So What's The Problem?

 We’ll go Down The Rabbit Hole in a sec but first…Human Rights Watch reports that HRW is saying the Maduro government, the opposition, the UN, and the Biden administration need to act swiftly and transparently to ensure aid for Venezuelans.

 Hum Ven, an independent platform monitoring the humanitarian emergency, estimates that 66% of Venezuelans need assistance and 65% have irreversibly lost or exhausted their means of livelihood. They also say that 93% of households have a family member that has left the country.

 Under the agreement reached in November, Venezuelan assets frozen abroad would be placed in a humanitarian fund to be administered by the UN and monitored by a commission with members of the Maduro regime and the opposition. The Biden administration has told the UN it will shield the fund from creditors looking to seize assets to pay Venezuela’s debts.

 So, what’s the problem? At this point everyone involved needs to stop pointing fingers and get whatever issues are causing the delay in getting the fund operational resolved. Then we’ll just have to see if the Maduro regime will actually let NGOs help the Venezuelan people.

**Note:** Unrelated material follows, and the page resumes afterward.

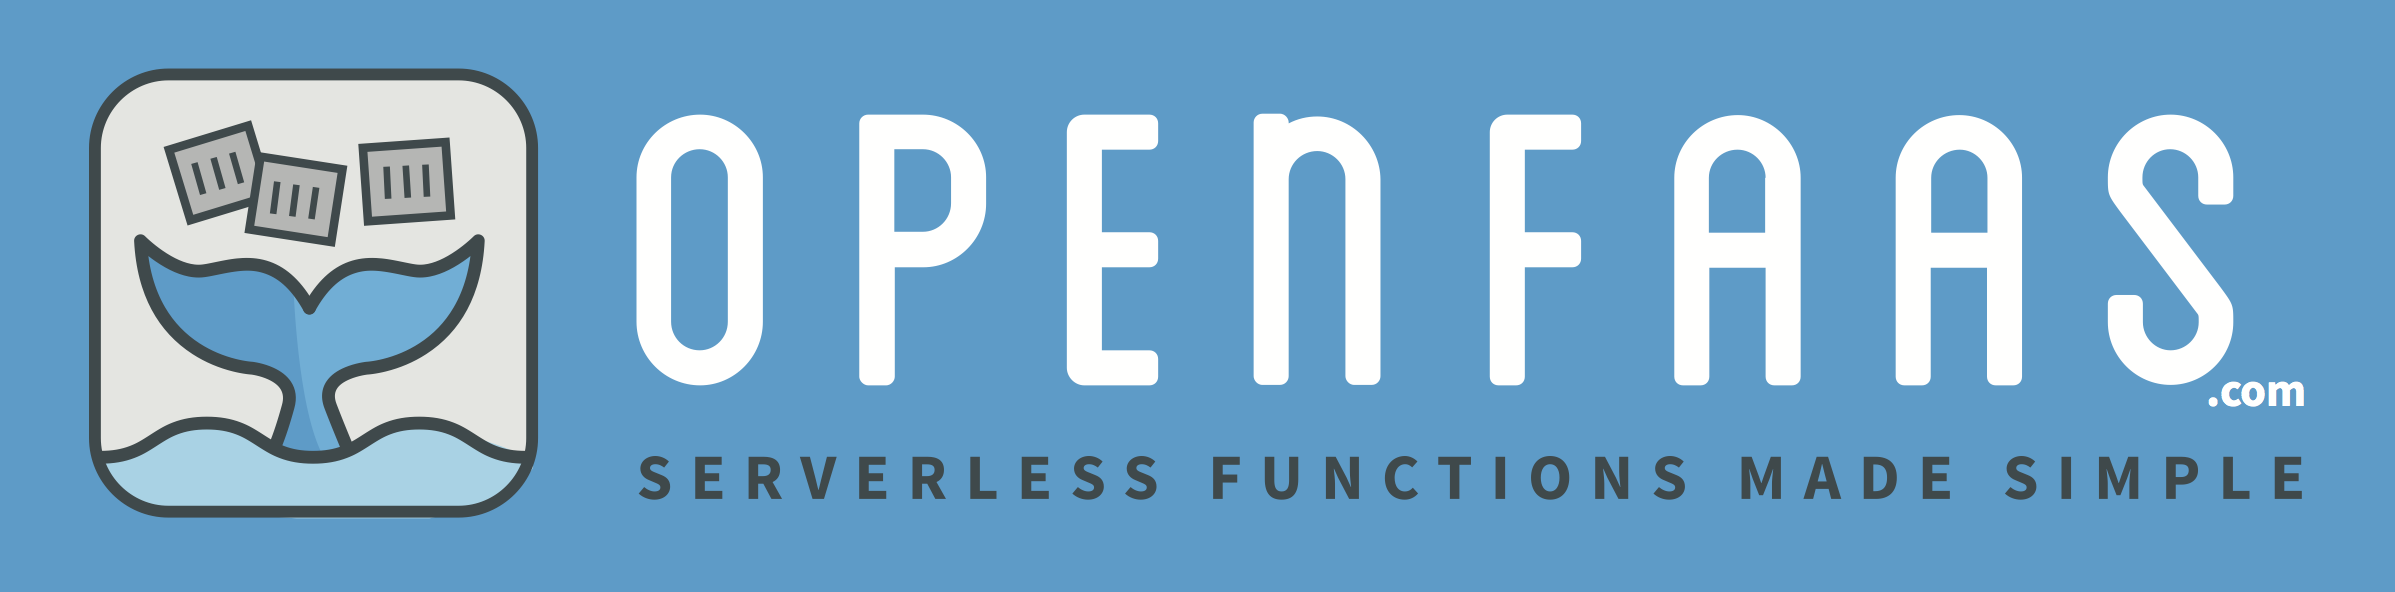 openfaas logo

 Then we have Portugal Resident  reporting that Venezuela Minister of Communication and Information, Freddy Nanez, announced that Venezuela has recovered $1.5 billion that was ordered released by a court in Lisbon, Portugal after being frozen in 2019.

 The Venezuela opposition reacted to the Maduro regime’s announcement insisting that the Chavista government will not have access to these funds due to sanctions.

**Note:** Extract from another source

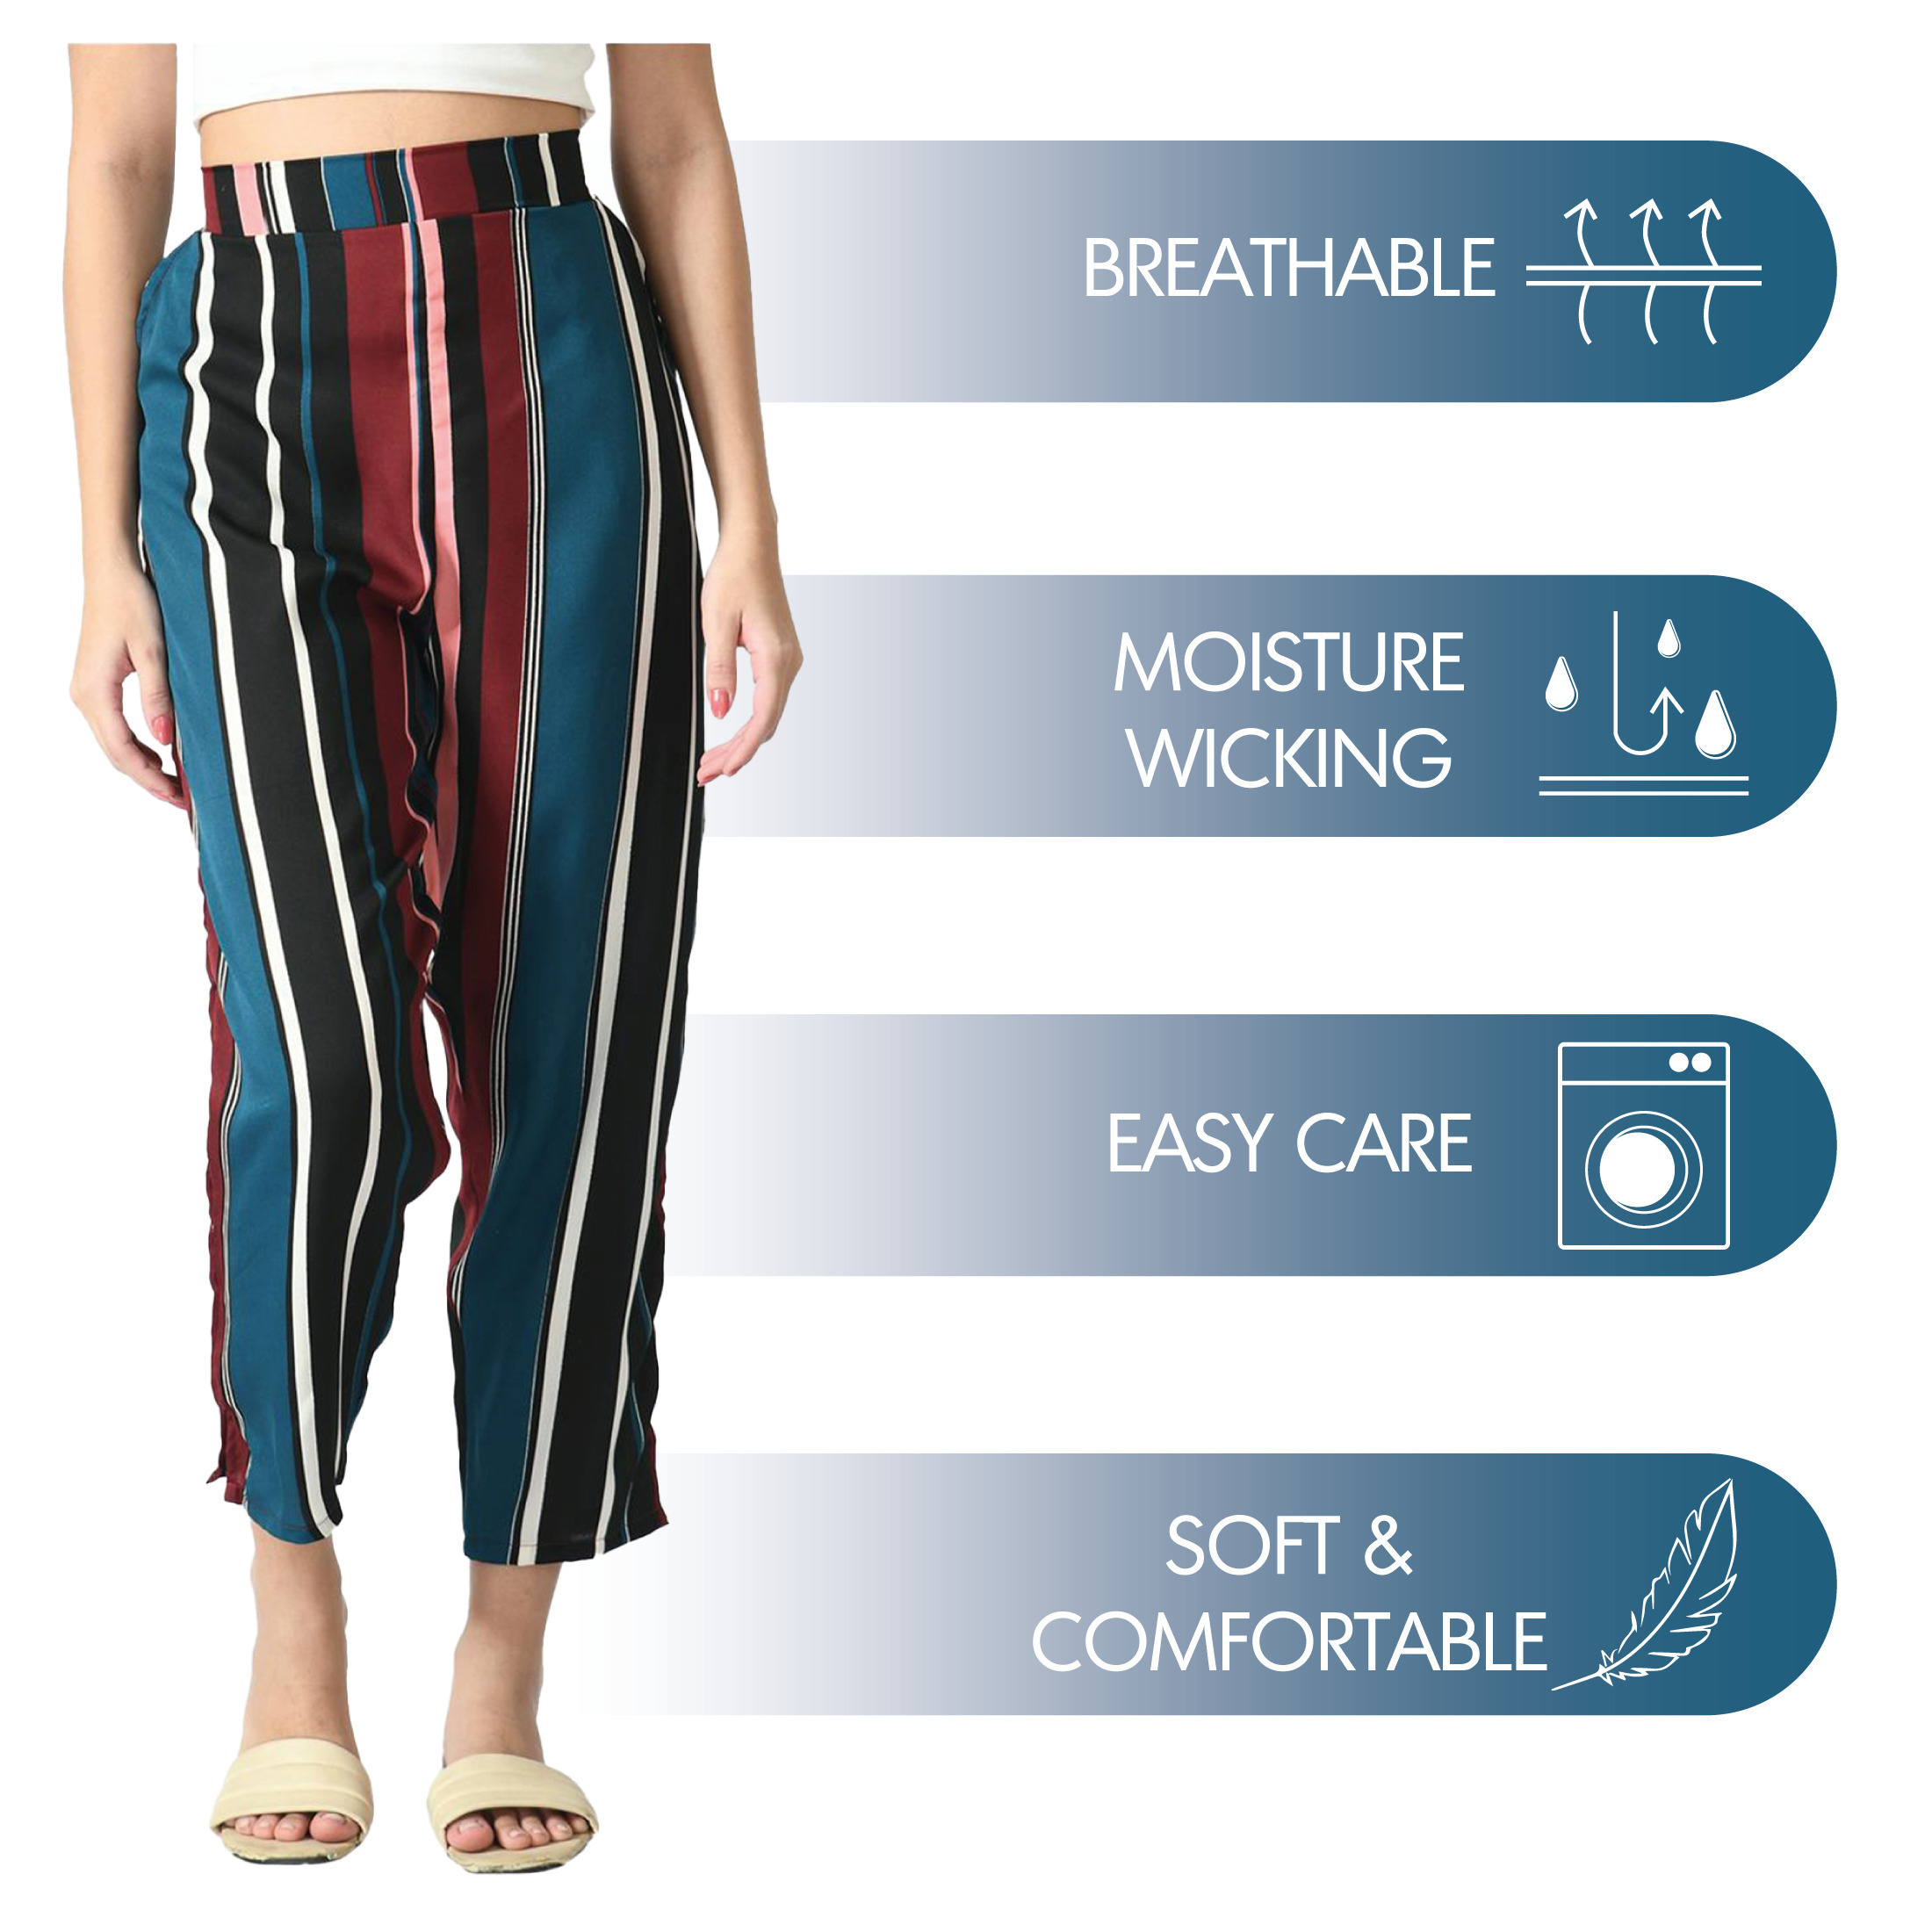 2-Pack: Ladies Summer Soft Fashionable Striped Wide Open Boho Leg Palazzo Pants - Medium

 We’ve heard from both sides , the Maduro regime and the opposition, but nobody seems to be talking about the UN-managed humanitarian fund, agreed upon by both sides, with both sides finger-pointing and decrying delays in getting the fund operational. (Sound familiar?)

 Seems like the logical move would be to transfer the $1.5 billion into the fund to benefit the Venezuelan people. Both sides insist they have the best interest of “the people” at heart. Now might be a good time to show it.

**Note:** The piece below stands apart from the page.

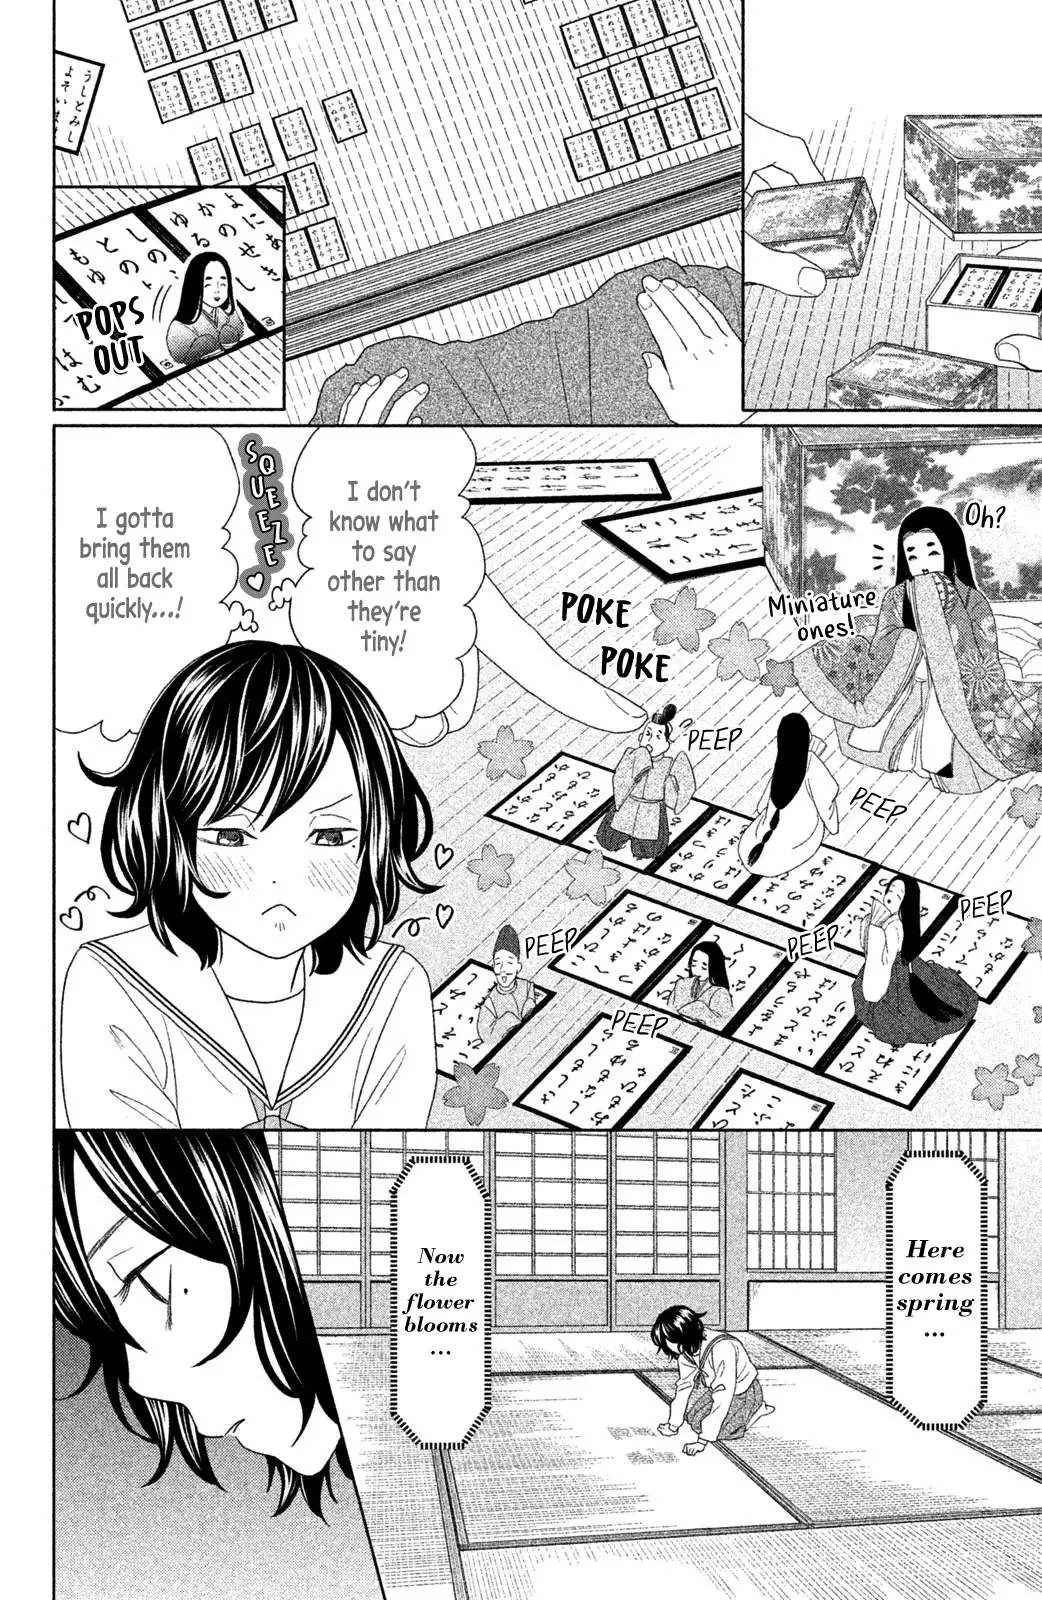 Chihayafuru: Middle School Arc - 11 page 11

 Now, let’s head Down The Rabbit Hole…

 Chapter 5/ continued…

 …So now you have less products available and consumers are forced to settle for inferior quality. Then the populace was put in the untenable position of not being able to afford many of these due to devaluation, inflation, and then hyperinflation. The average Venezuelan could only afford subsidized products and even those were in short supply. People waited in line for hours when word circulated that a delivery was scheduled. After hours in the hundred degree heat they would have to be content with a couple of packages of rice, flour, or pasta as it had to be rationed. That said, you better not be too far back in line or they would run out. After some rioting and looting the military had to oversee deliveries.

 Today availability is better but almost nothing is affordable to the average Venezuelan on their minimum wage of under $5 A MONTH! Prices fluctuate but, on average, a month’s minimum wage will buy 3 and 1/2 kilos of flour, that’s it! Quite a fall from the $200 a month minimum wage when Chavez took power (which we thought was low at the time but…). As with so many things Chavismo- related, the minimum wage debacle deserves a detailed conversation so let’s just say that the price controls did noting but hurt the Venezuelan people. So what about currency controls?

 Well, it’s broken record time again and I’m apologizing in advance for the tedious nature of the content. These Chavistas make simple things complicated but what you’re about to see is ridiculous. Hang in there. It will blow your mind. Oh, and imagine trying to manage your finances through all this…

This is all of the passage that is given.